Arms Pocket-book & Leather Novelty Co. v. Posey

40 Pa. Super. 361 | Pa. Super. Ct. | 1909

Opinion by

Head, J.,

Although the record — composed as it is of a number of petitions, answers, appeals and proceedings collateral to the main issue — -presents an aspect at first blush somewhat confusing, yet neither its length nor apparent complications can obscure the few basic facts upon which the liability of the present appellant rests.
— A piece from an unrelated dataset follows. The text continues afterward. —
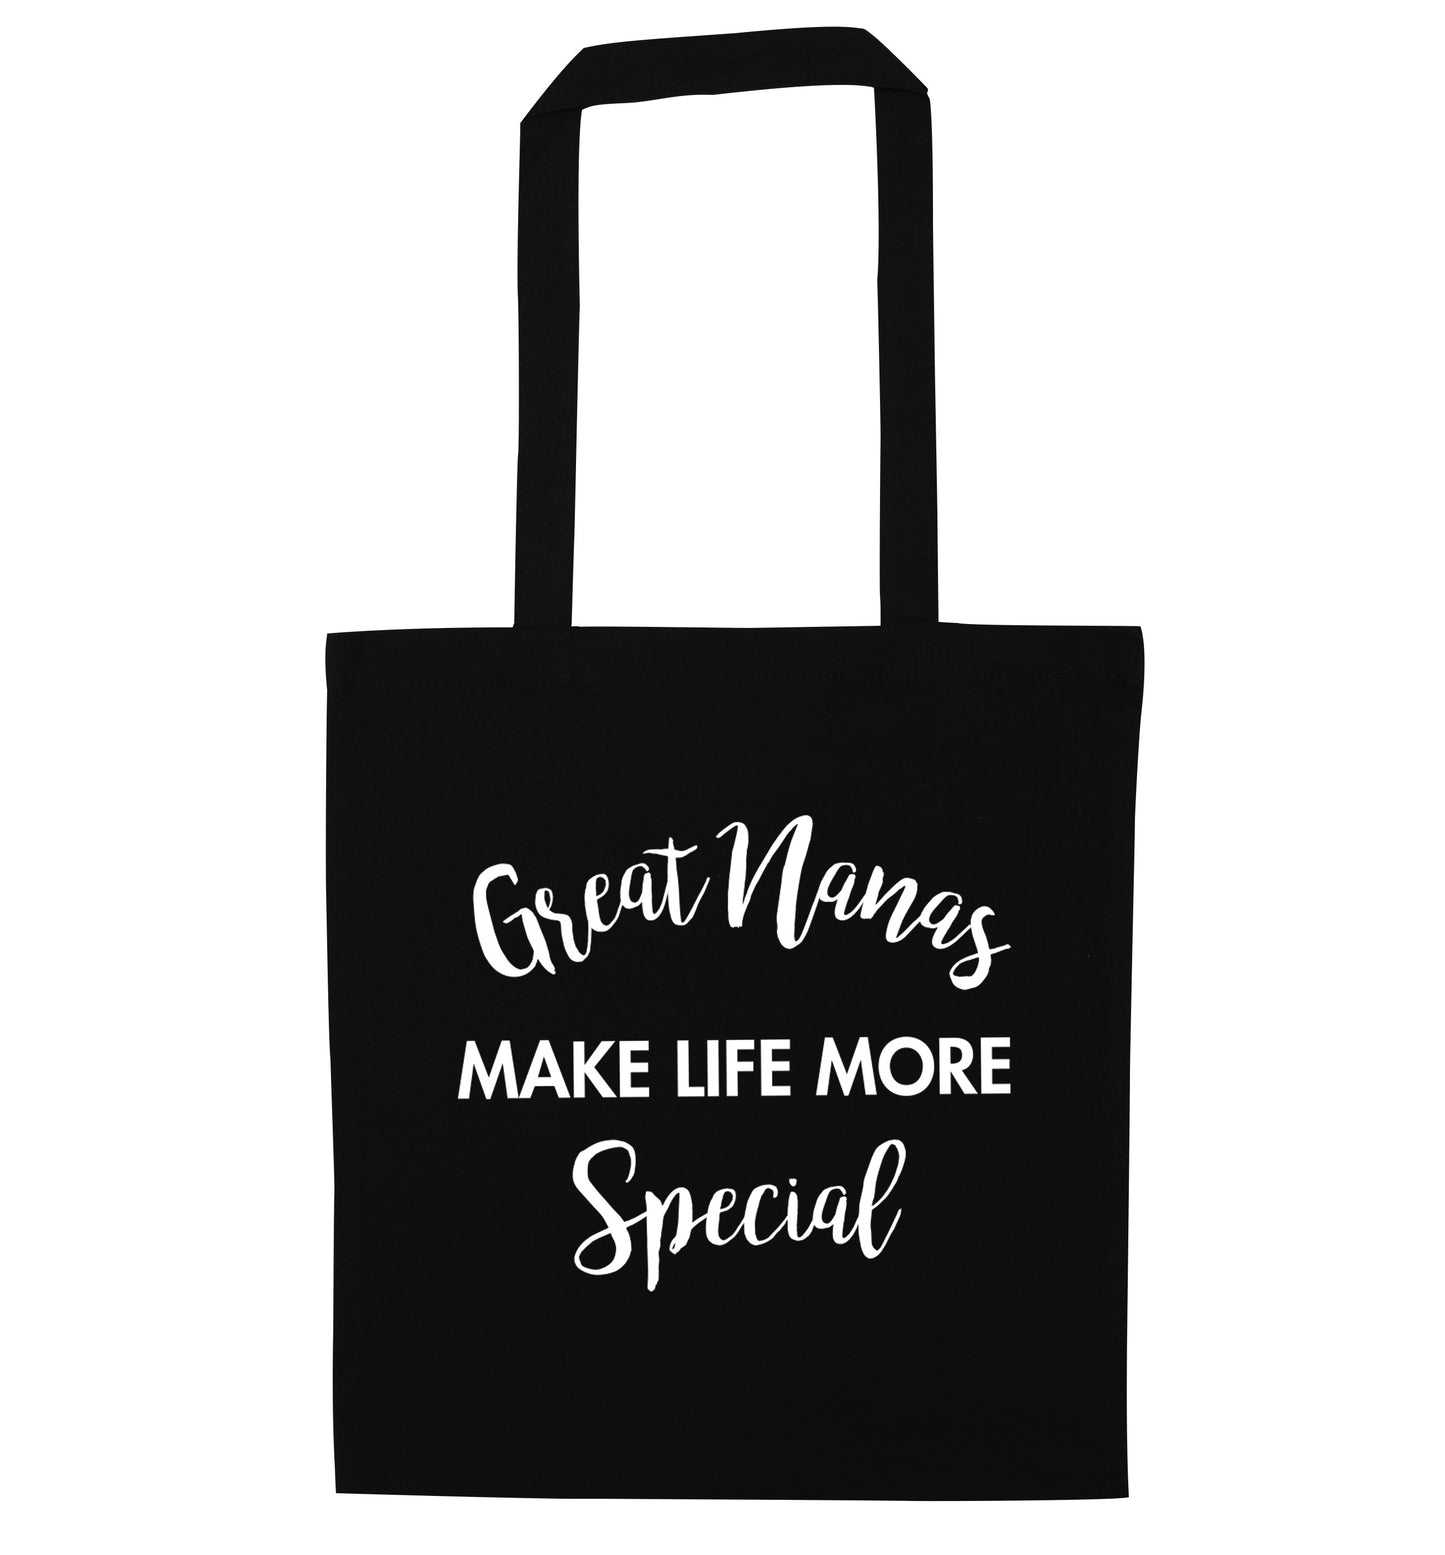 Great nanas make life more special black tote bag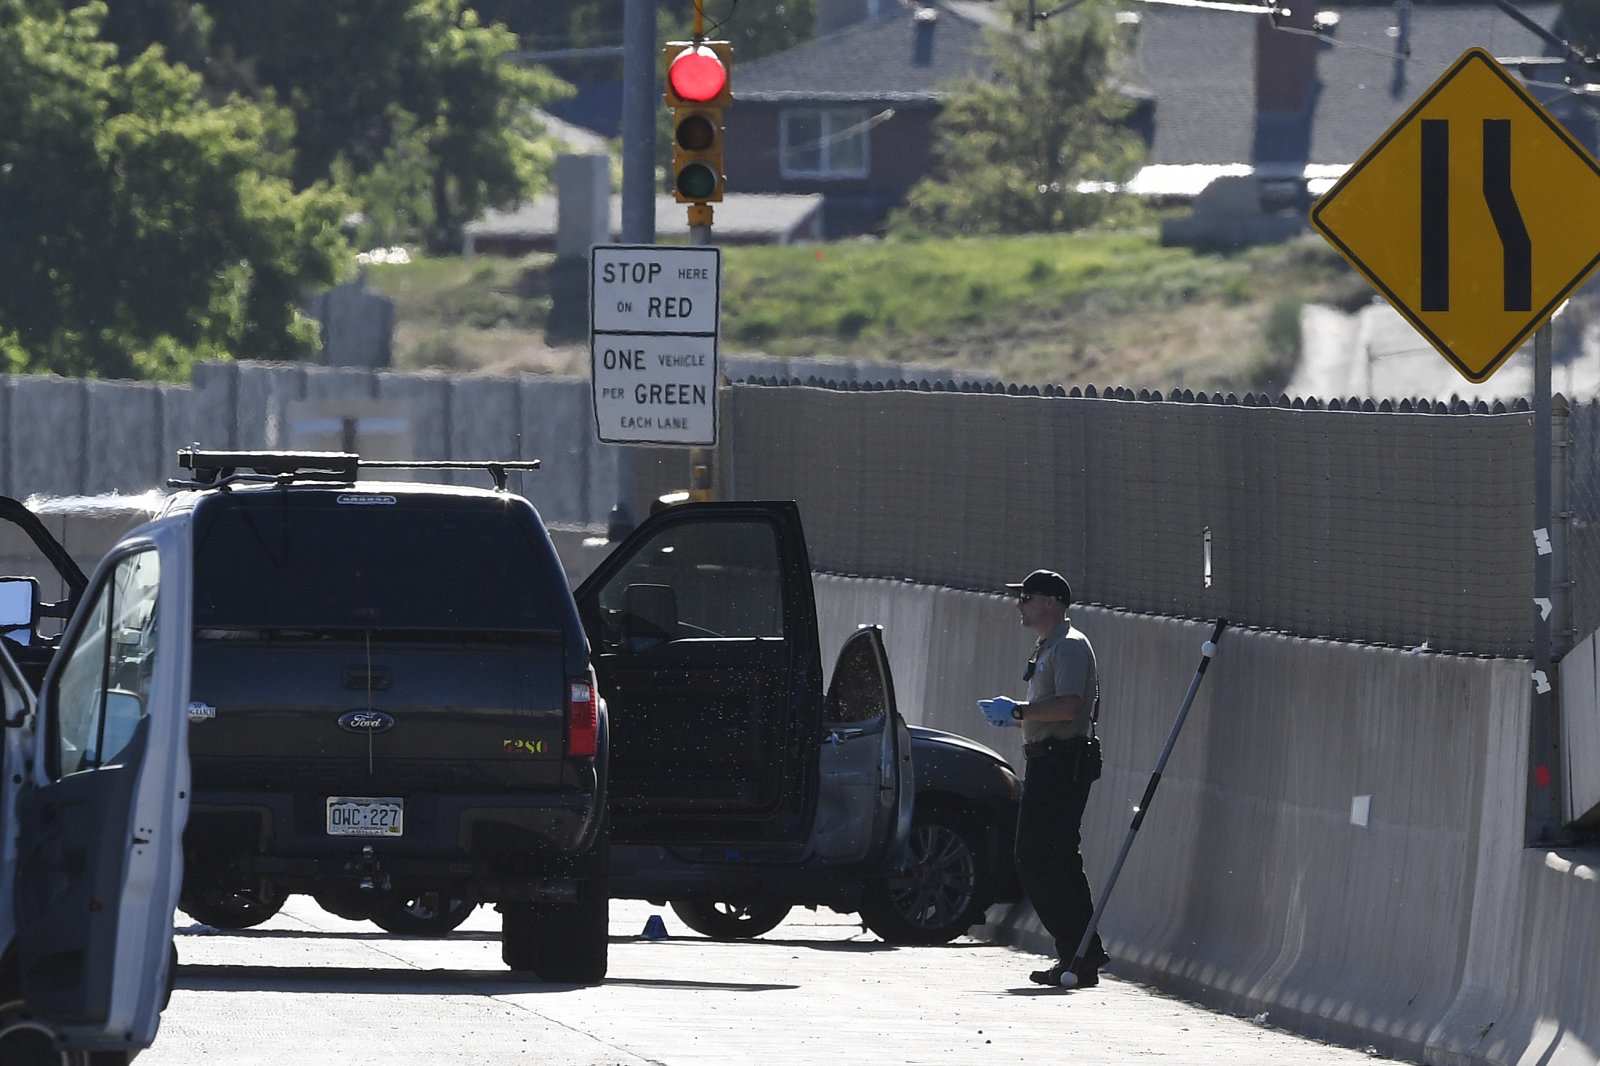 Denver Uber driver kills passenger in alleged self-defense incident | DeviceDaily.com

The plaintiff began an action against one Klein before an alderman of the city of Pittsburg for the recovery of a debt less than $300, and in due course obtained a judgment. The defendant in that judgment, being a freeholder, claimed the right to have a stay of execution. This right could be exercised only on compliance with the statutory requirement. To fulfill this requirement he induced the present appellant to appear before the magistrate where he entered into a recognizance “in the sum of $525 as bail absolute in double the amount of the judgment, conditioned for the payment thereof in event of defendant’s failure to pay at the expiration of stay of execution, viz.: nine months.” He further stated under oath as a part of his recognizance that he was the owner of real estate valued at $10,000, with an incumbrance of $2,000 against it. The original defendant thus obtained the benefit of the stay of execution for the period of nine months. At the expiration of that period, the debt not having been paid, and the debtor having become a bankrupt, a scire facias on the recognizance was issued by the magistrate, at the instance of the plaintiff, and the appellant duly summoned. He failed to appear, and the plaintiff, having made the necessary proof, was awarded a judgment on the recognizance. Shortly afterwards the appellant appeared before the magistrate and demanded a transcript for an appeal to the court of common pleas. The magistrate being of the opinion that under such circumstances he was not entitled to an appeal, refused it. An application was thereupon made to the court of common pleas and a writ of alternative mandamus obtained, whereupon a transcript issued and the appellant, having paid *363the costs, filed the transcript in court and thus his appeal was perfected. The plaintiff filed its statement of claim and the defendant his affidavit of defense, and a rule for judgment for want of a sufficient affidavit was taken out by the plaintiff.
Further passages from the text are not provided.